• _ACTIVITY_: Return the data below in full and exactly, except that the pictures are dropped.

• _SUPPLIED MATERIAL_:
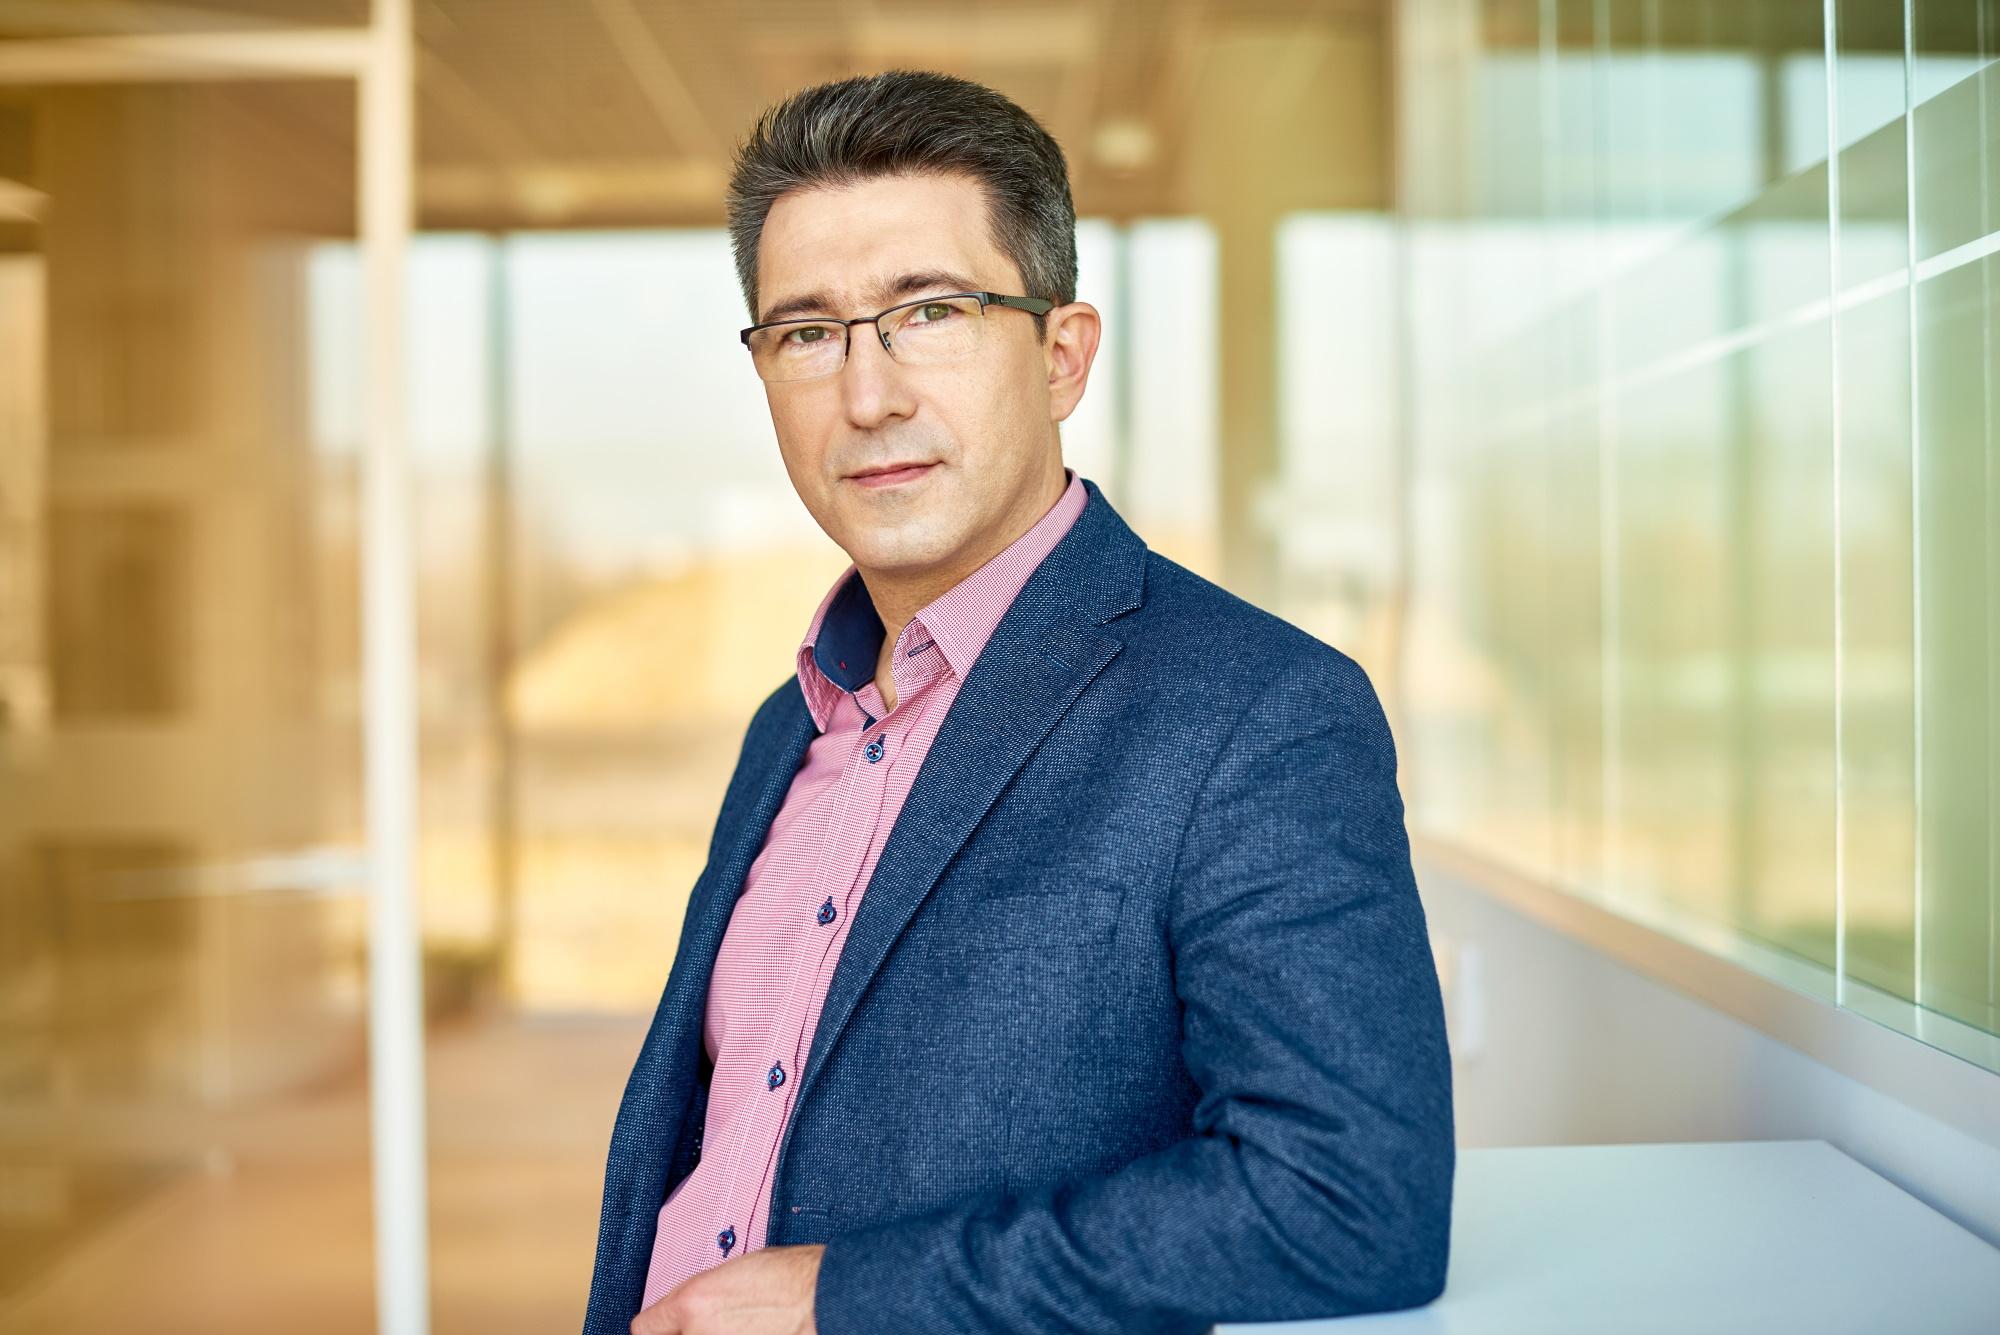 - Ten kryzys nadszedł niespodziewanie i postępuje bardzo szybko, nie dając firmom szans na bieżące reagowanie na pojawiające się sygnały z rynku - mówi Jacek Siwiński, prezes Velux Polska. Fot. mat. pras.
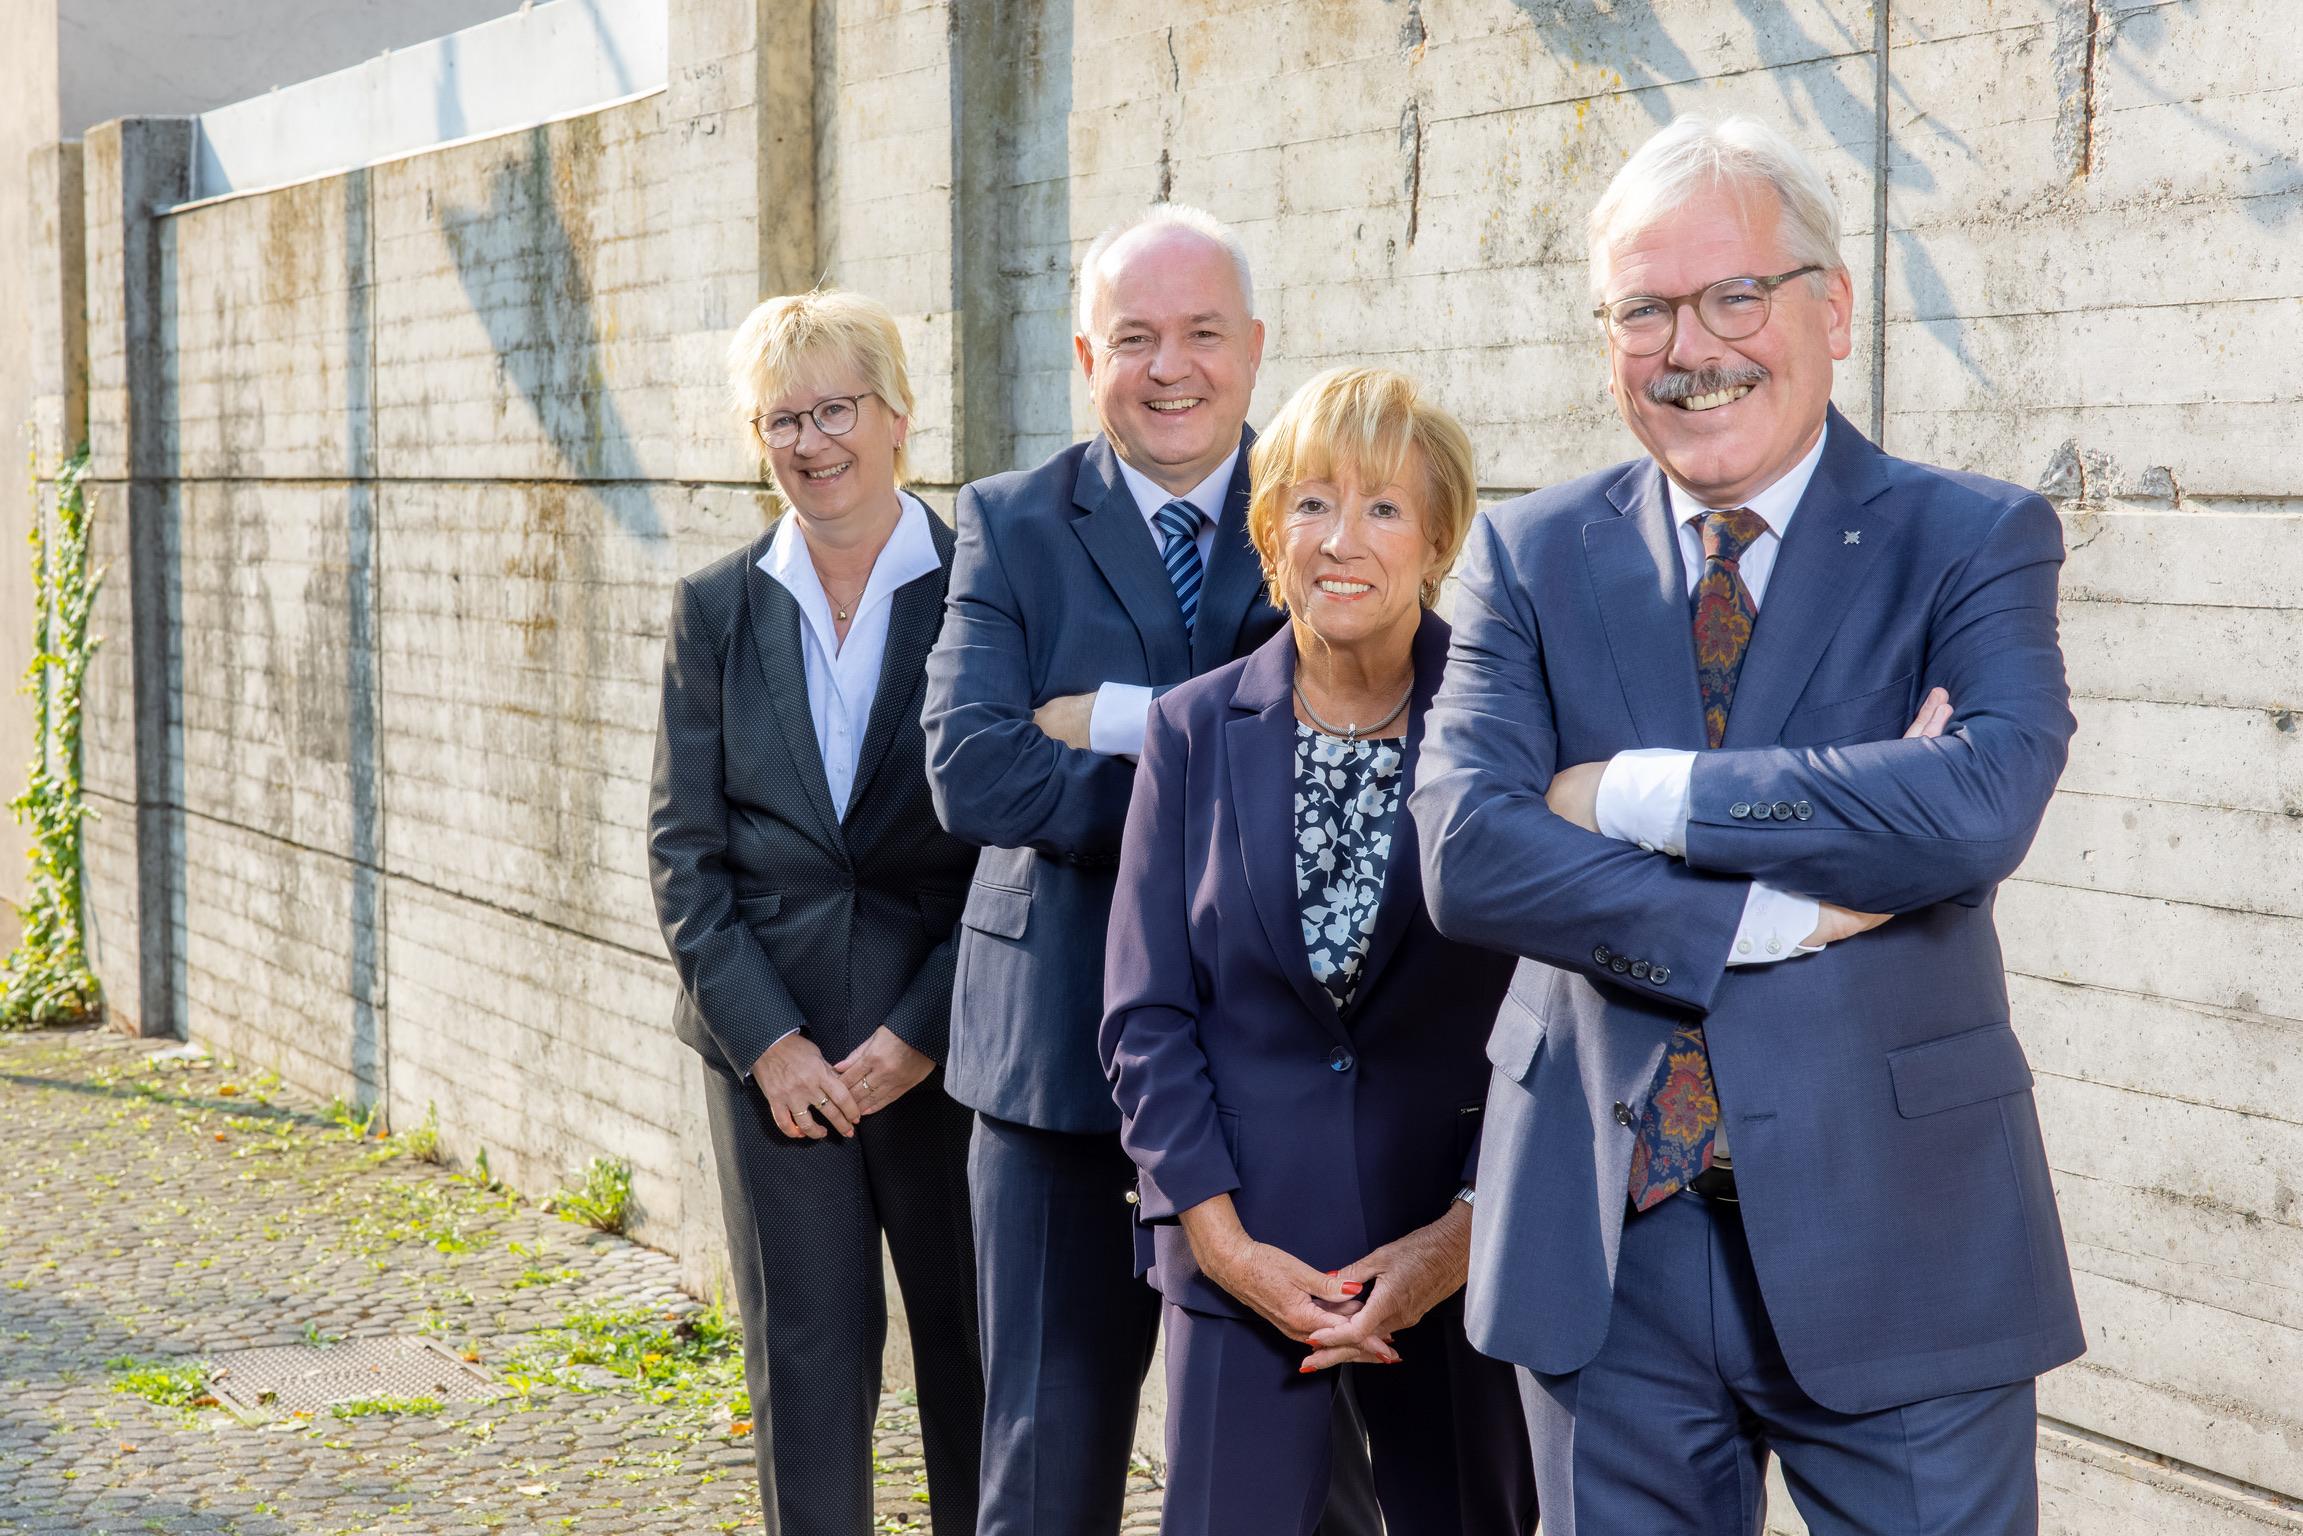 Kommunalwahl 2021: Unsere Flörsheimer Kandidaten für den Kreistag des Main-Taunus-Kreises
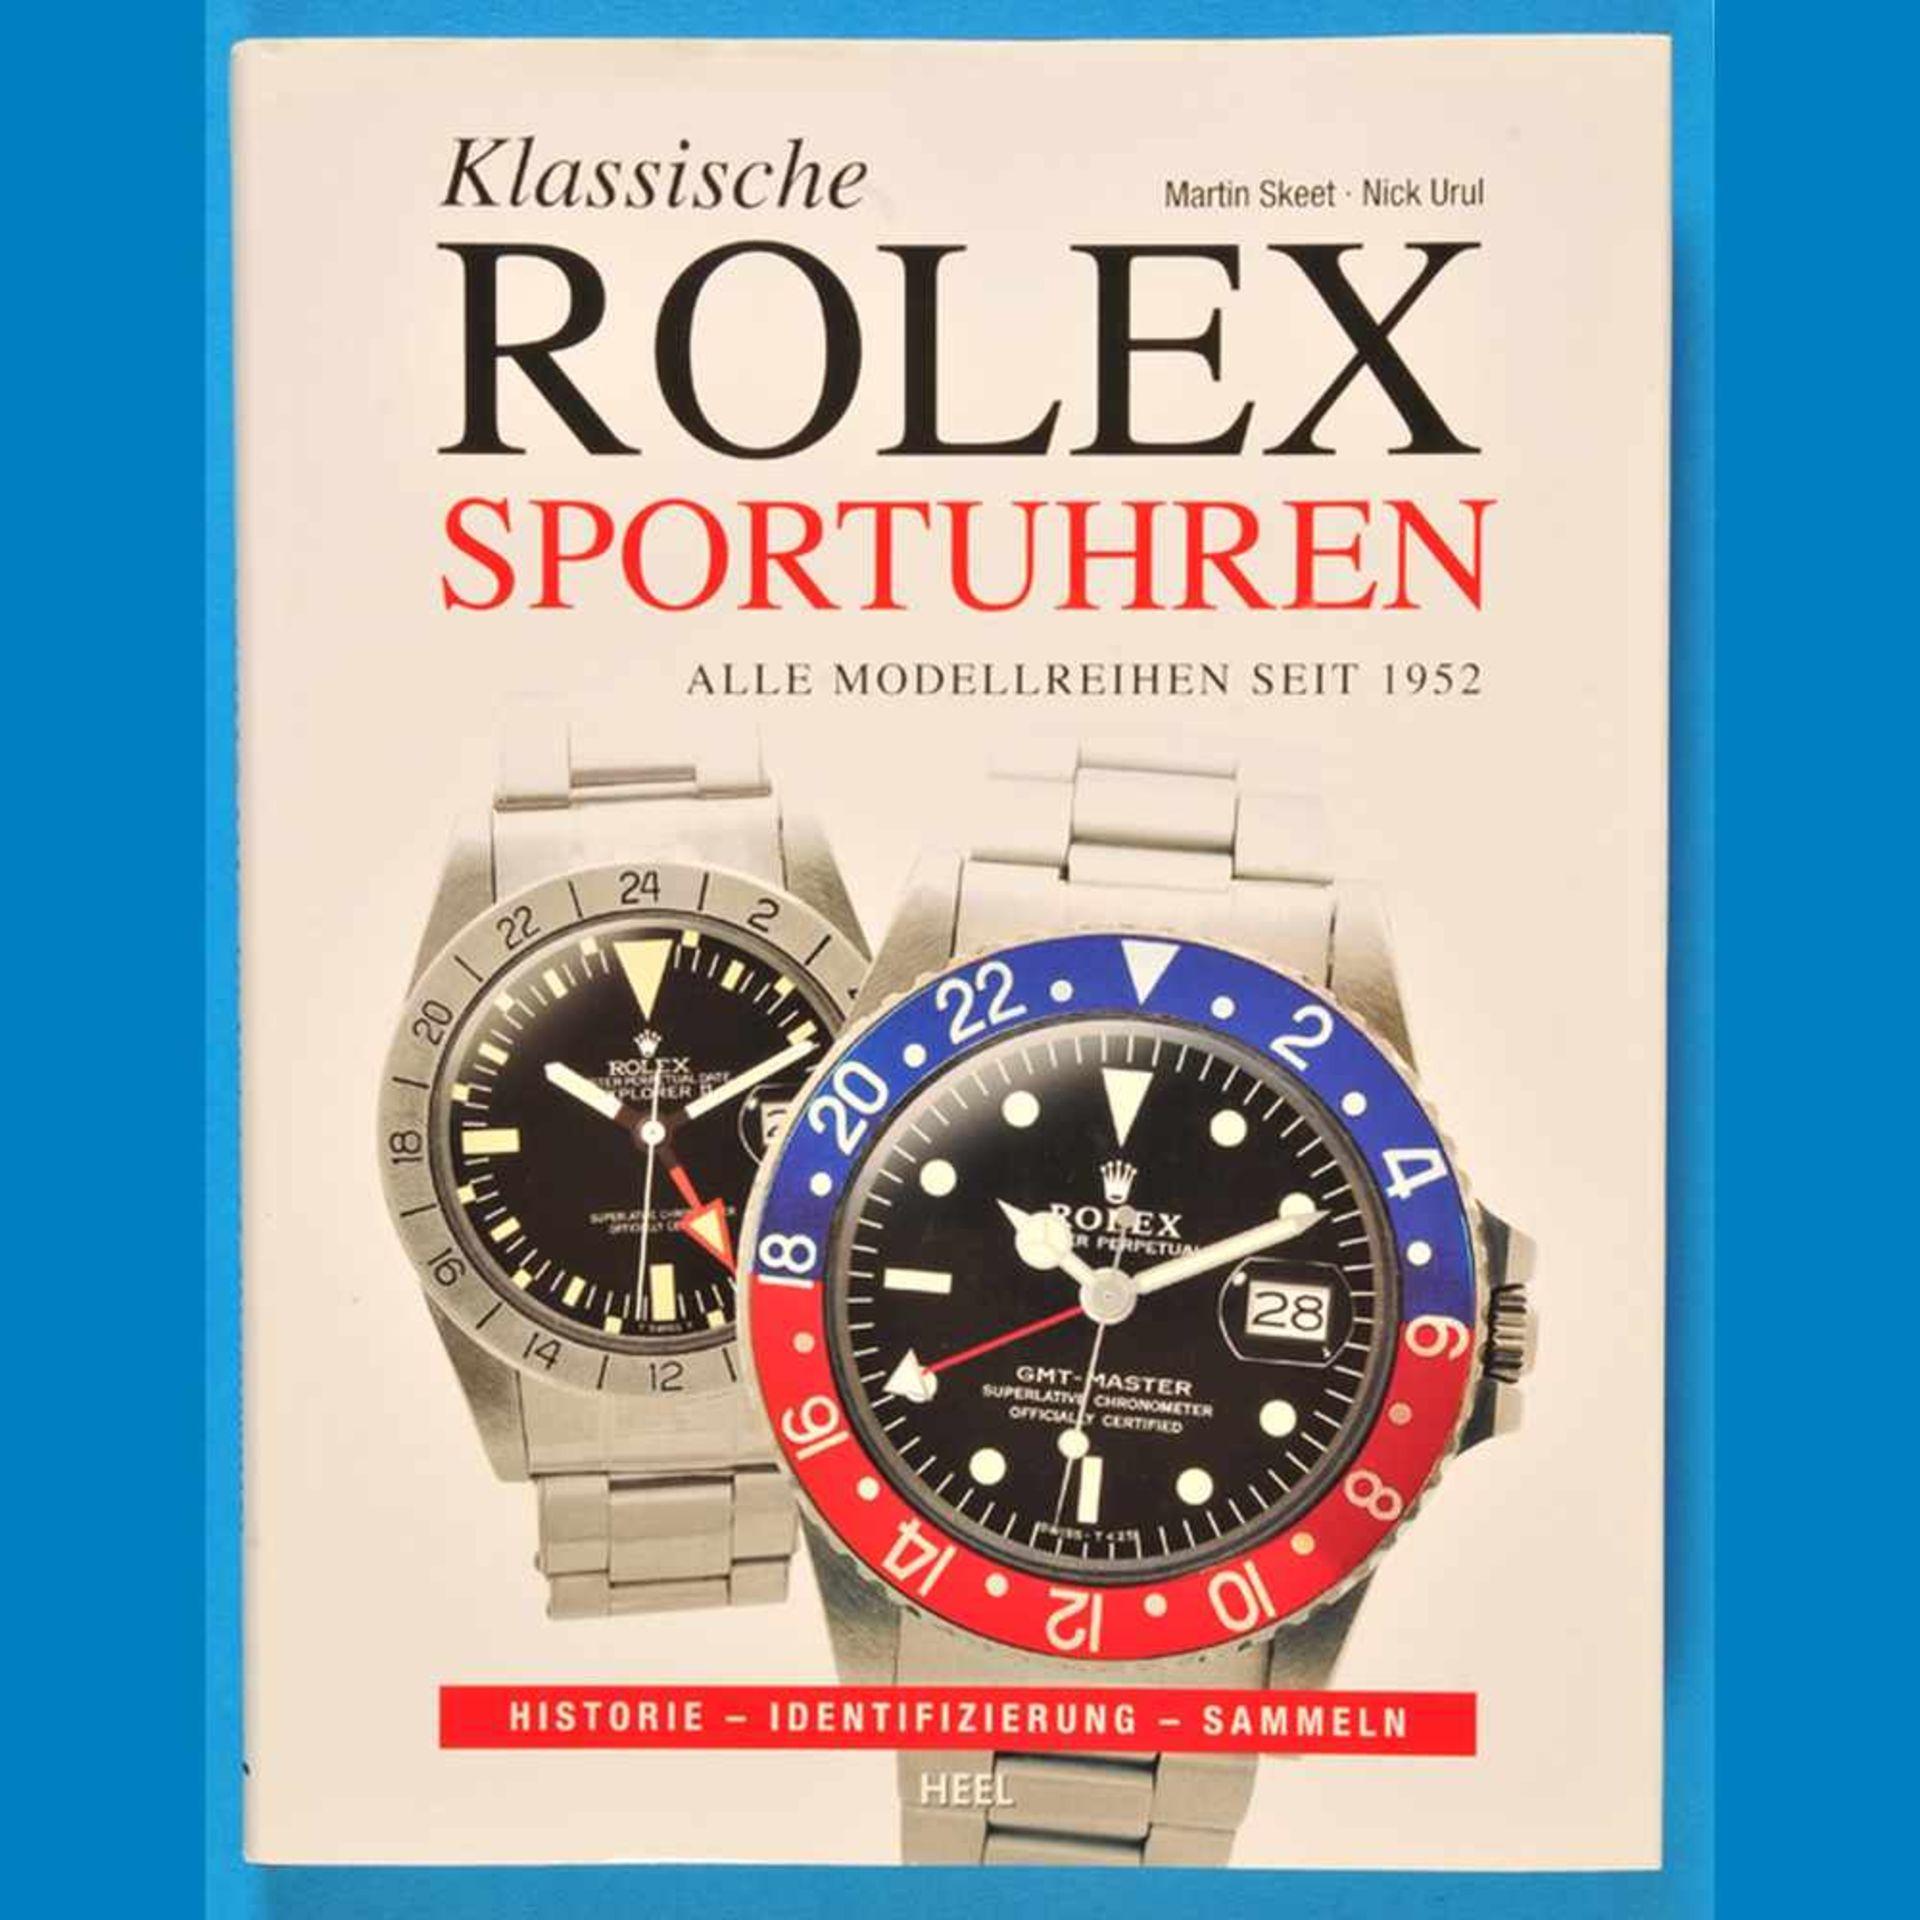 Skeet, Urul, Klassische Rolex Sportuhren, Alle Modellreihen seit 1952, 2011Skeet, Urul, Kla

• _TASK RESPONSE_:
 - Ten kryzys nadszedł niespodziewanie i postępuje bardzo szybko, nie dając firmom szans na bieżące reagowanie na pojawiające się sygnały z rynku - mówi Jacek Siwiński, prezes Velux Polska. Fot. mat. pras.
 Kommunalwahl 2021: Unsere Flörsheimer Kandidaten für den Kreistag des Main-Taunus-Kreises
 Skeet, Urul, Klassische Rolex Sportuhren, Alle Modellreihen seit 1952, 2011Skeet, Urul, Kla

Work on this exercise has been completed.